Typically, Tfh cells are not identified by the expression of CXCR5 alone but by the coexpression of other surface markers, most commonly programmed death-1 (PD-1) and inducible co-stimulator (ICOS). Both these molecules are members of the CD28 family and are up-regulated on T cells following activation. ICOS is a co-stimulatory molecule, while PD-1 provides an inhibitory signal to the T cell.6,7 Tfh cells, however, also express a range of other molecules including CD40 ligand (CD40L), OX40, CXCR4, CD200, B and T lymphocyte attenuator (BTLA), members of the SLAM family (CD84, NTBA, SLAM), SLAM-associating protein (SAP) and the cytokine interleukin (IL)-21. They also down-regulate expression of molecules such as CD62L and CD127 (IL-7Rα).8–13
Like other Th lineages, Tfh cells are associated with expression of a canonical transcription factor. Thus, as the generation of Th1, Th2 and Th17 cells is controlled by T-bet, Gata-3 and Rorγt, respectively,12,14,15 the generation of Tfh cells is controlled by Bcl-6 expression.16–18 Not only do Tfh cells possess high levels of this transcription factor,10,11,19 but several reports have also shown that its expression is both necessary and sufficient to drive Tfh cell development.16–18
Problems with identification of Tfh cells
Although a considerable number of studies have sought to phenotype Tfh cells, a significant level of difficulty and controversy still surrounds the identification of these cells. This problem stems from several issues: first, many of the markers used to identify Tfh cells, such as PD-1, ICOS and CXCR5, are also commonly expressed by activated CD4+ T cells.3,6,7 As a result, Tfh cells are often identified as the cells expressing the highest levels of these molecules; thus, it is easy to see how this can quickly become a problematic definition. Secondly, the term ‘Tfh cell’ is used by individual researchers to describe different populations of cells. Hence, while the original reports used the term to describe CD4+ CXCR5+ T cells located in the follicle, in more recent times ‘Tfh cell’ has come to be used by many to describe only those cells that are found within the germinal centre (GC), while CD4+ CXCR5+ T cells found elsewhere in the follicle are termed ‘pre-Tfh cells’. In contrast, others have maintained the usage of ‘Tfh cell’ to describe all CD4+ CXCR5+ T cells in the follicle and refer instead to those cells located specifically in the GC as ‘GC-Tfh cells’. Even given a consensus on the terminology for these cell populations, it remains to be determined whether follicular and GC-Tfh cells can be distinguished phenotypically or whether they can only be identified by imaging which reveals their location. Although some reports have suggested that molecules such as GL720 are able to identify specifically cells found in the GC, other reports have suggested that at different times during the response, cells outside the GC can also express these molecules.21 Once again, this probably reflects the problem that many markers of Tfh cells are also found on activated cells.

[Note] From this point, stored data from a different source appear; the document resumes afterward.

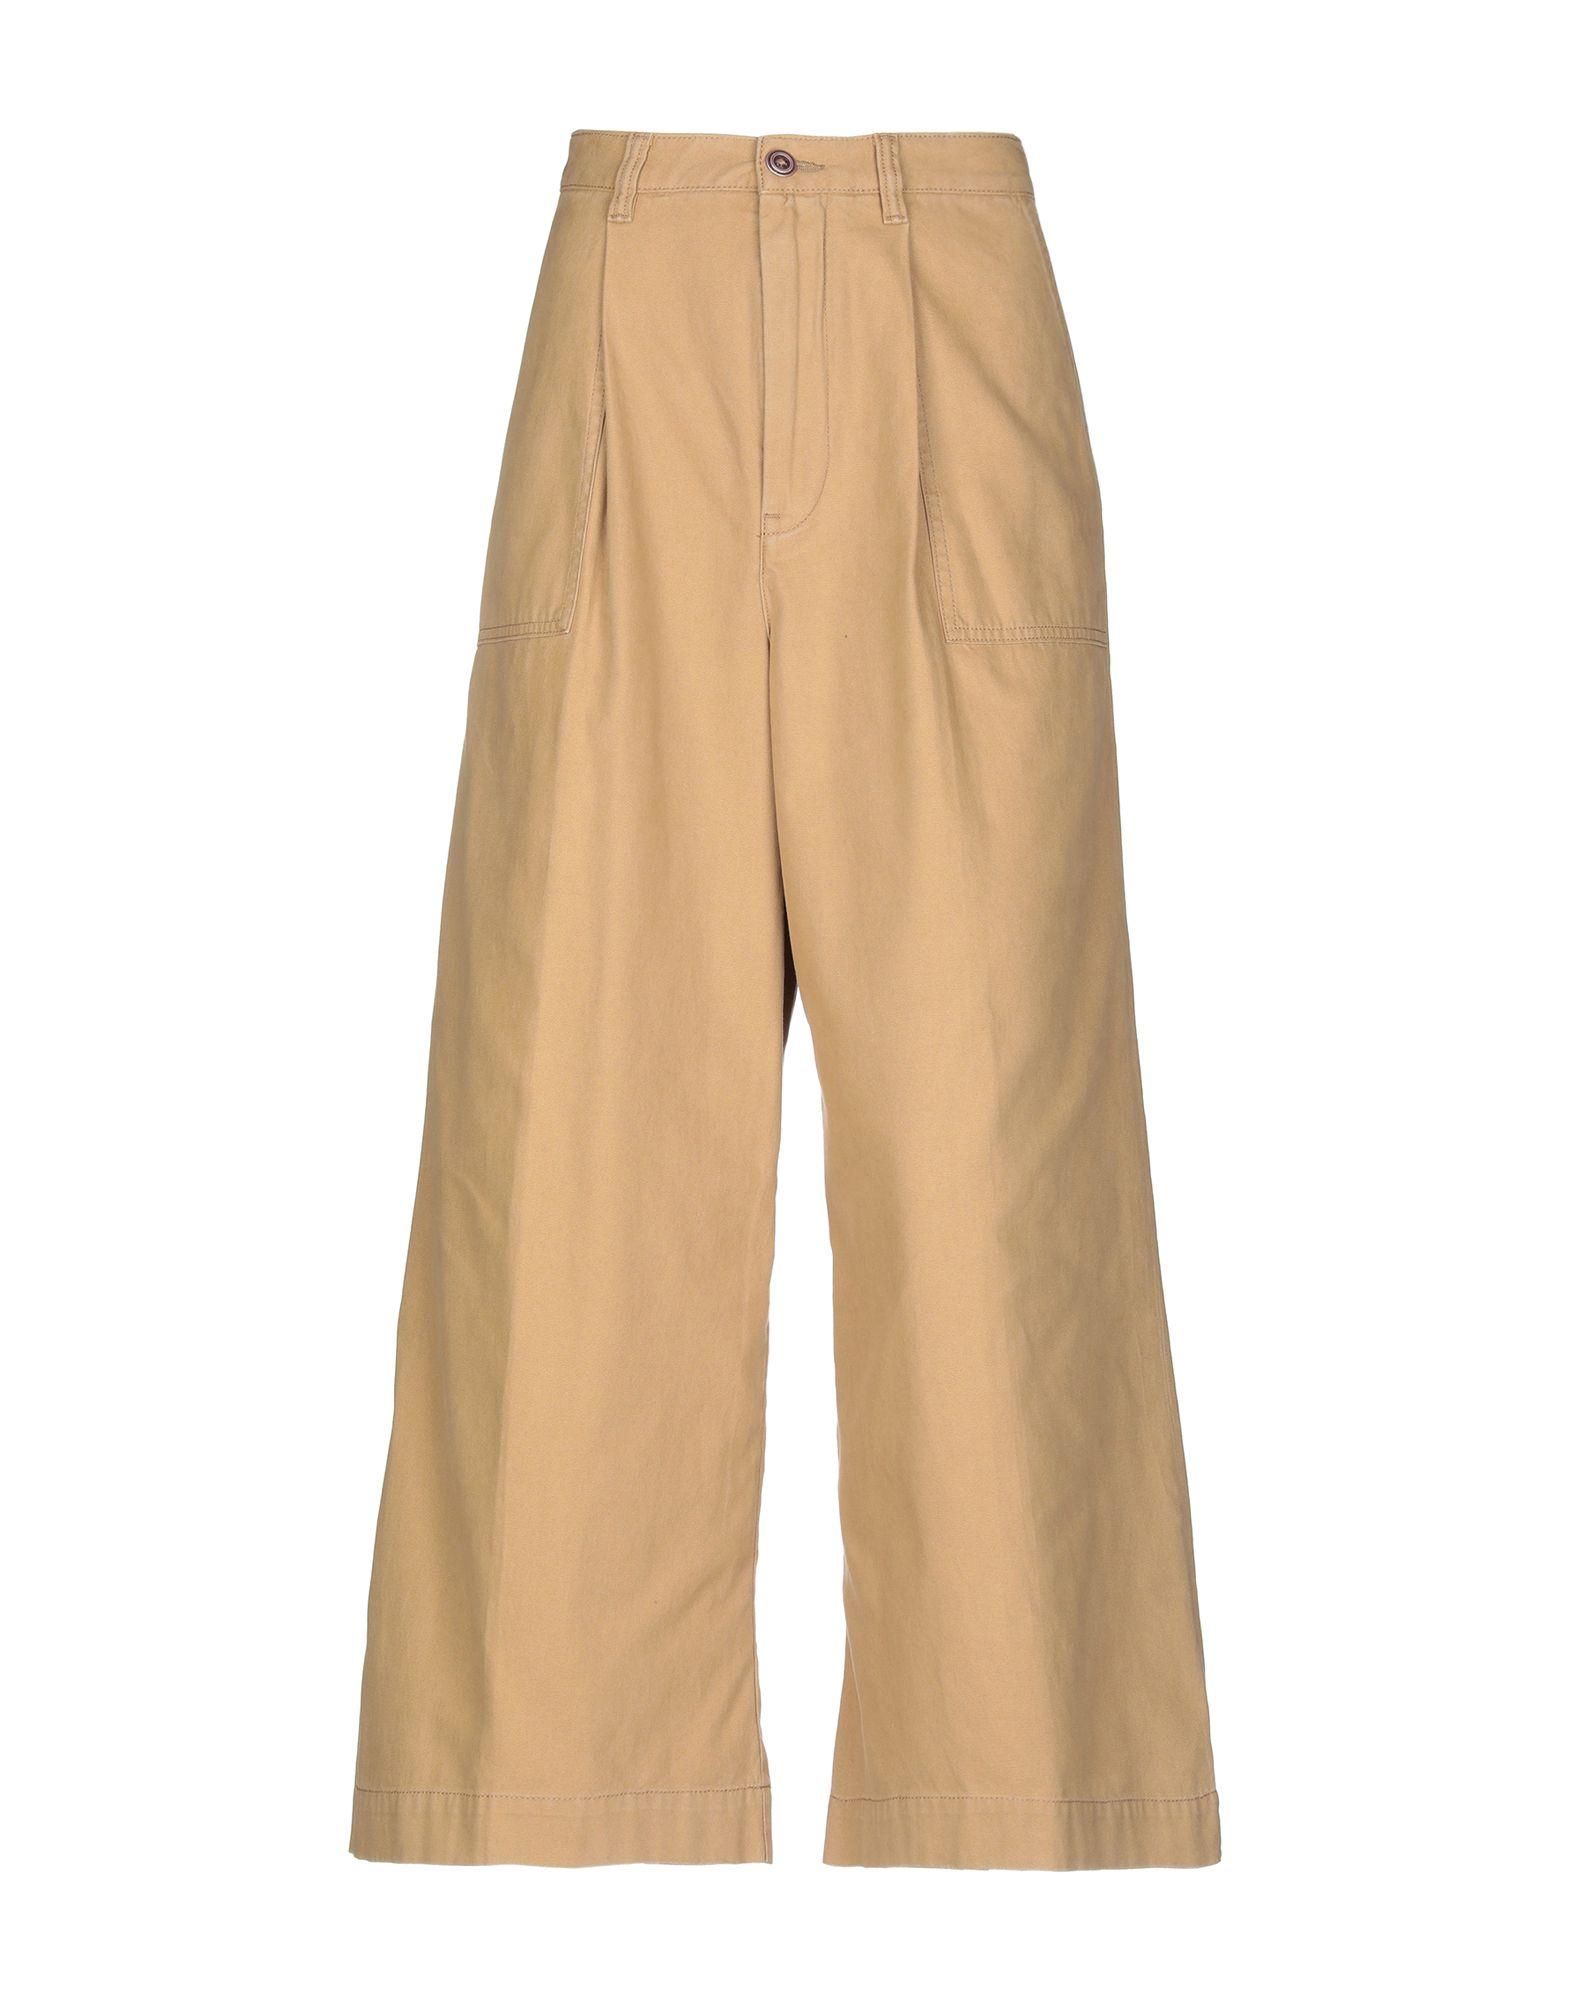 《送料無料》PENCE レディース パンツ キャメル 42 コットン 100%
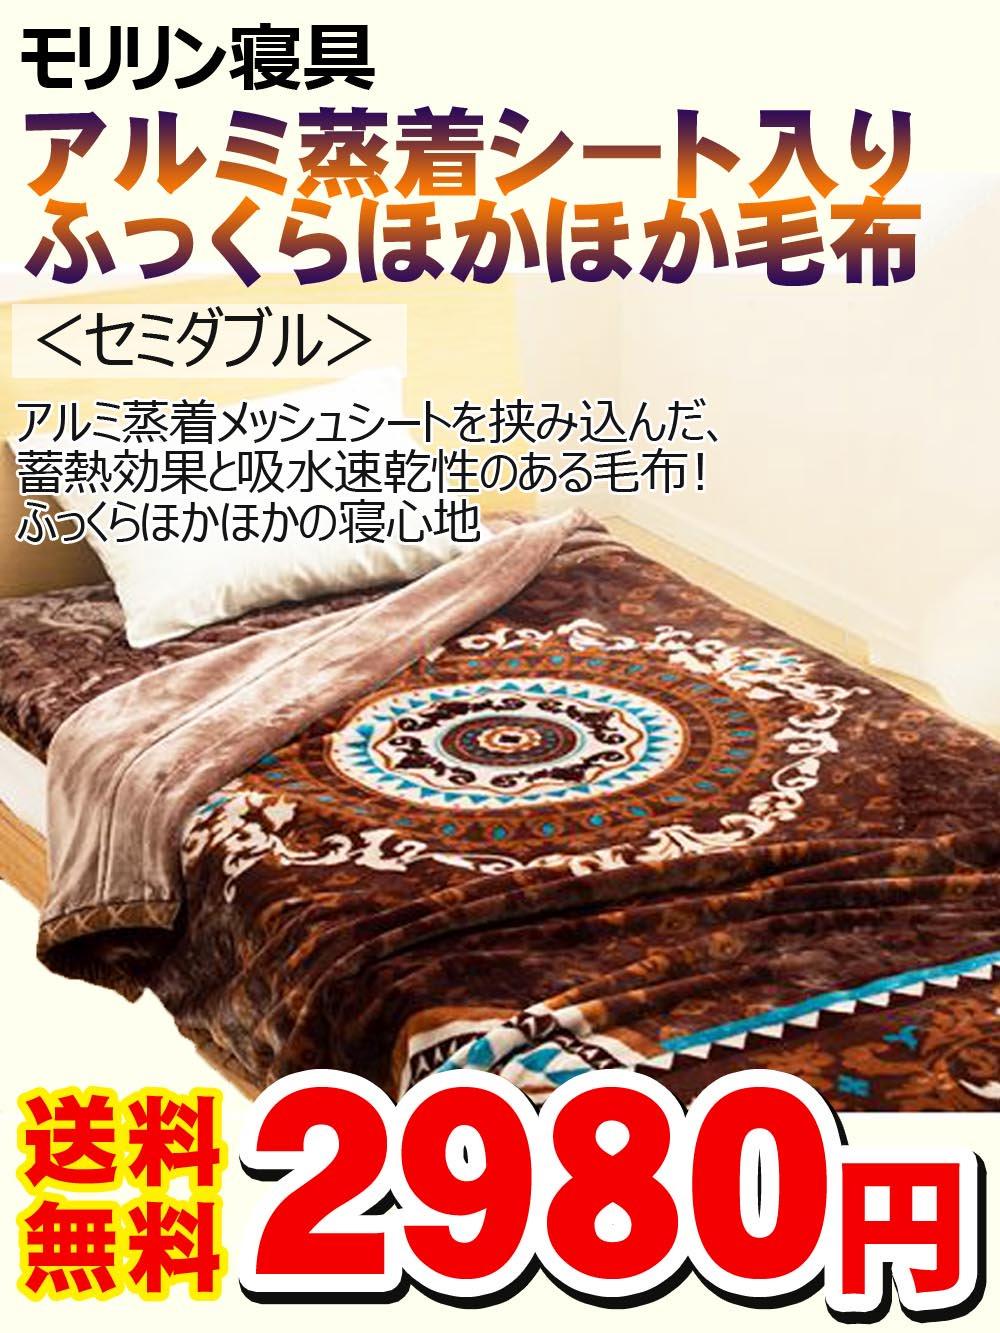 【送料無料】◆モリリンアルミ蒸着シート入り毛布 セミダブル <ブラウン>2980円
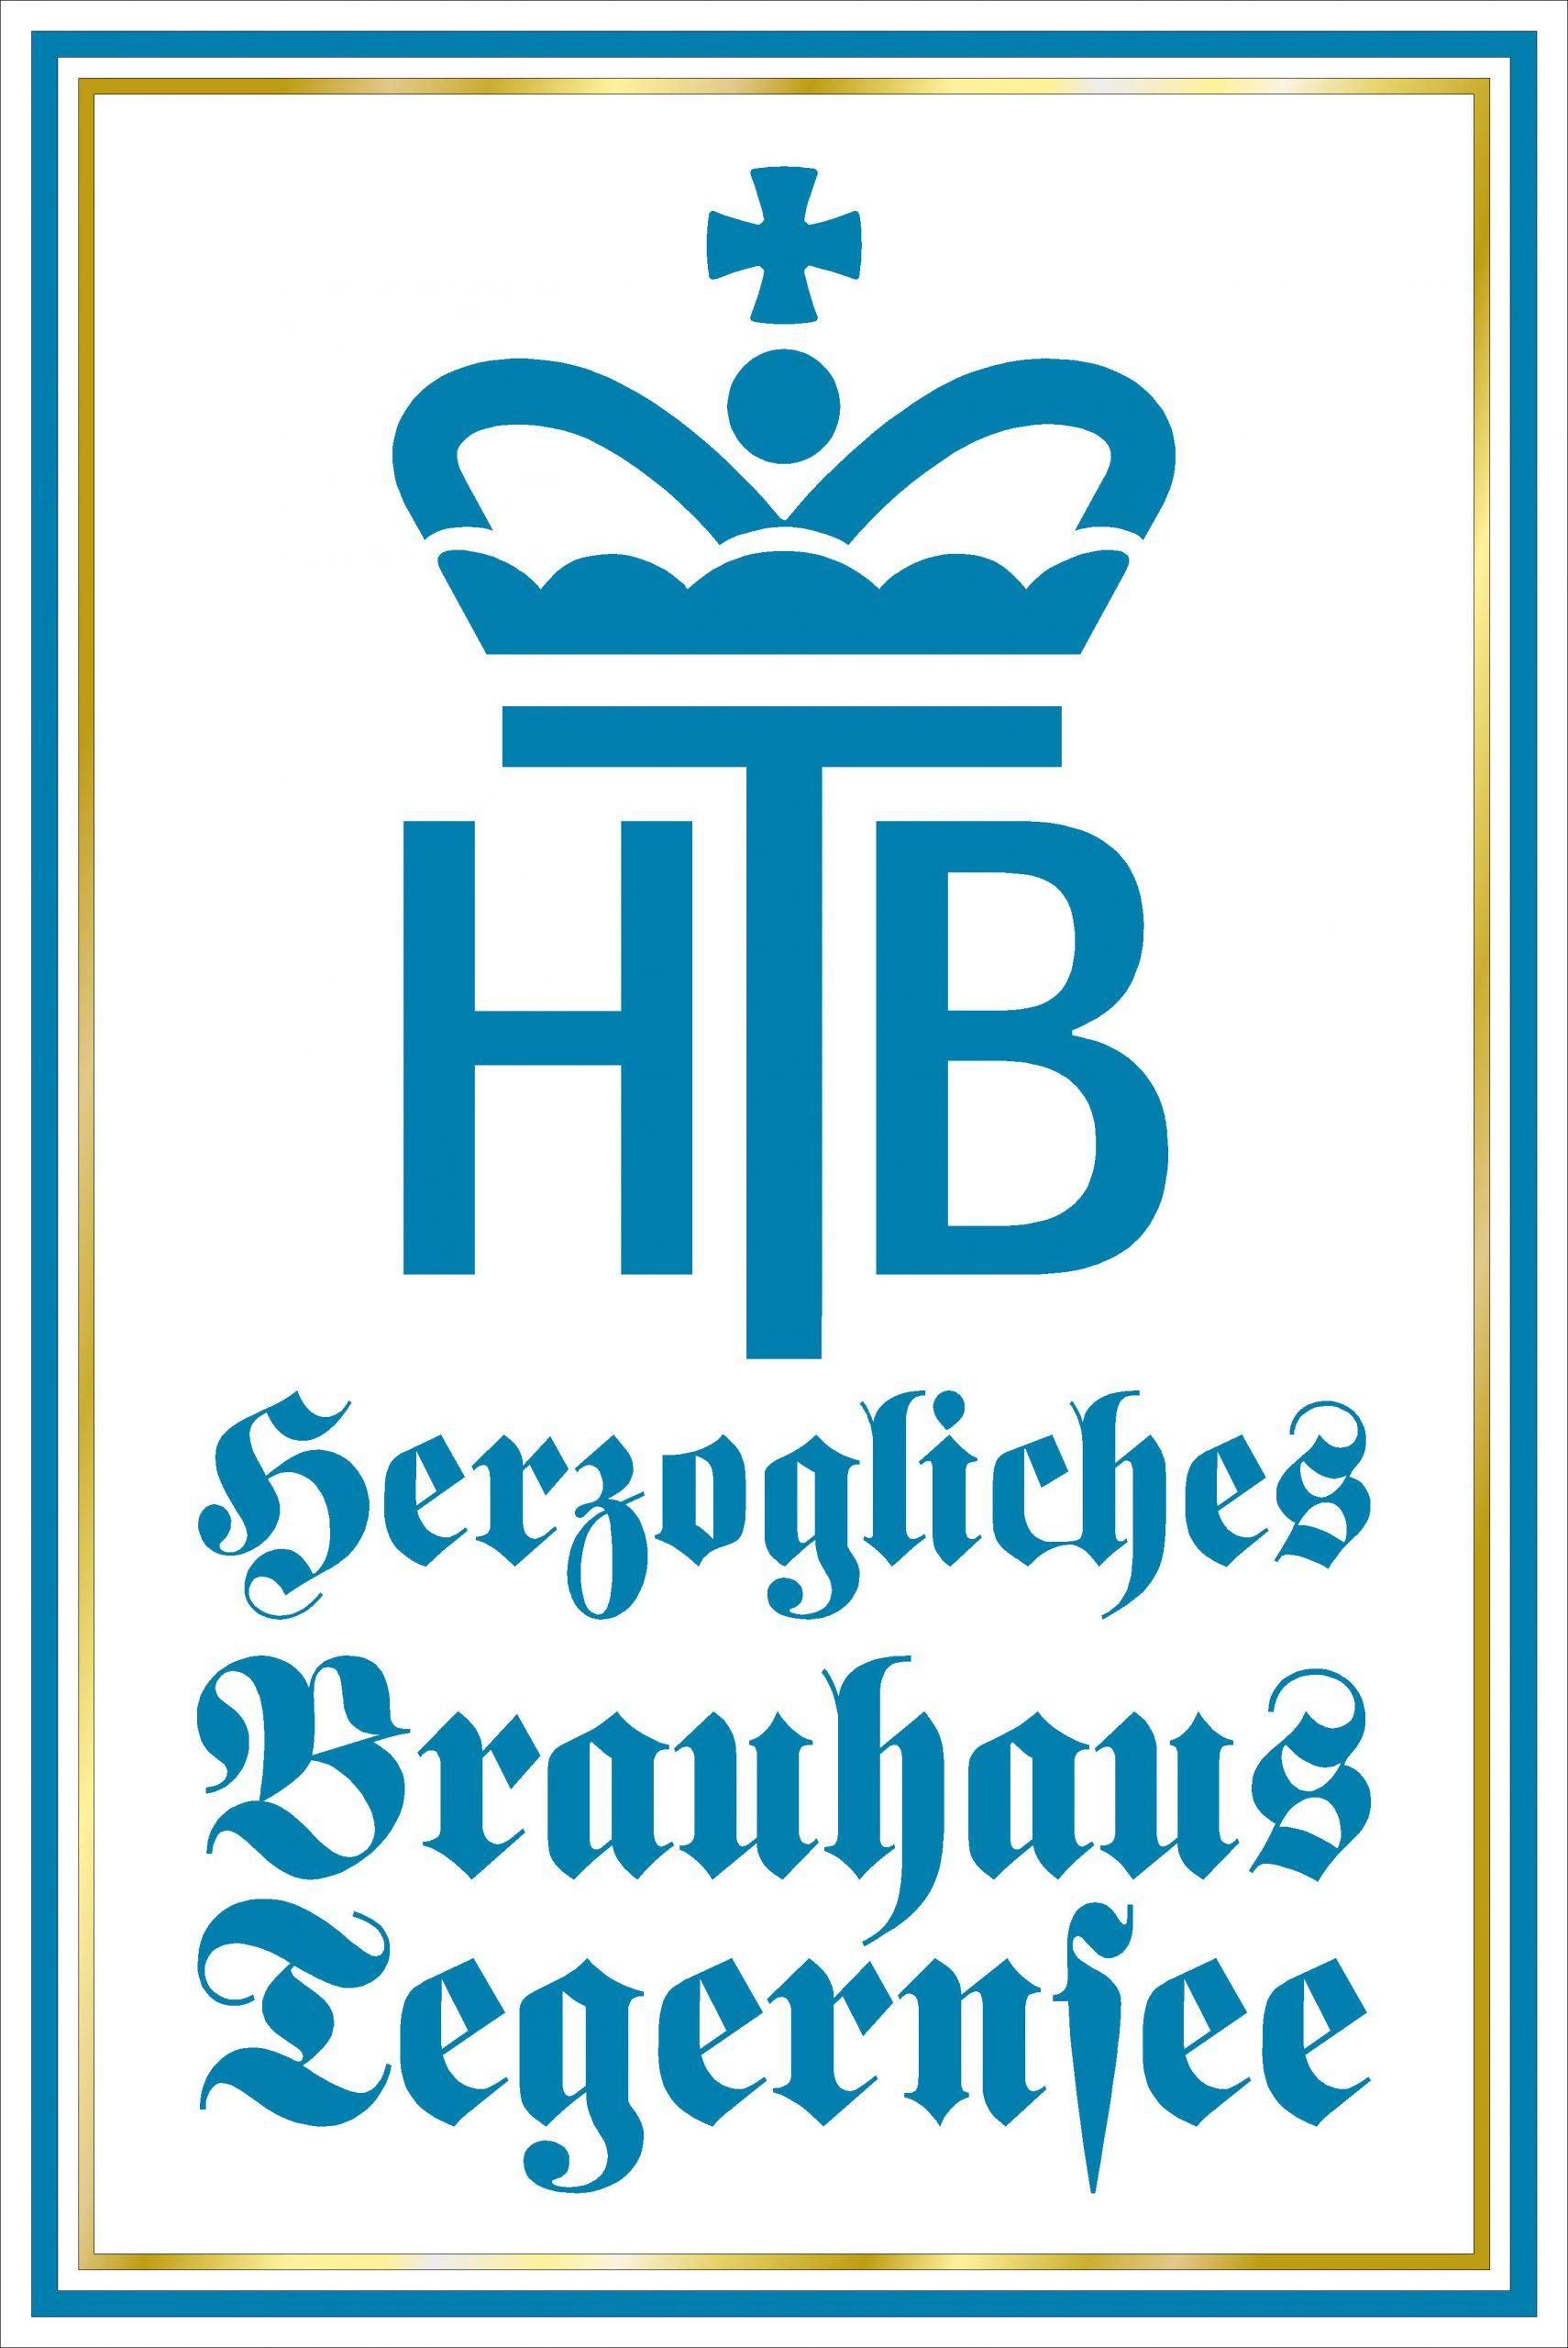 Herzogliches Brauhaus Tegernseer

The story is complicated further by recent reports that demonstrate that even Bcl-6, considered one of the gold standard markers of Tfh cells, cannot be used on its own to identify Tfh cells. These studies revealed that CD4+ T cells express Bcl-6 very quickly following activation, long before they migrate deep into the follicle, let alone into the GC.21–23 Moreover, they identified cells with a Tfh-like phenotype (e.g. CXCR5 and PD-1 expression and GC localization) that did not express Bcl-6 as well as cells that expressed Bcl-6, but not other Tfh cell markers such as PD-1.21,22 This suggests that the role of Bcl-6 in regulating Tfh cell differentiation may be more complex than first anticipated. However, for the purposes of this review we will consider Tfh cells to be CXCR5+ PD-1+ Bcl-6+ cells that express IL-21 and are found in the follicle.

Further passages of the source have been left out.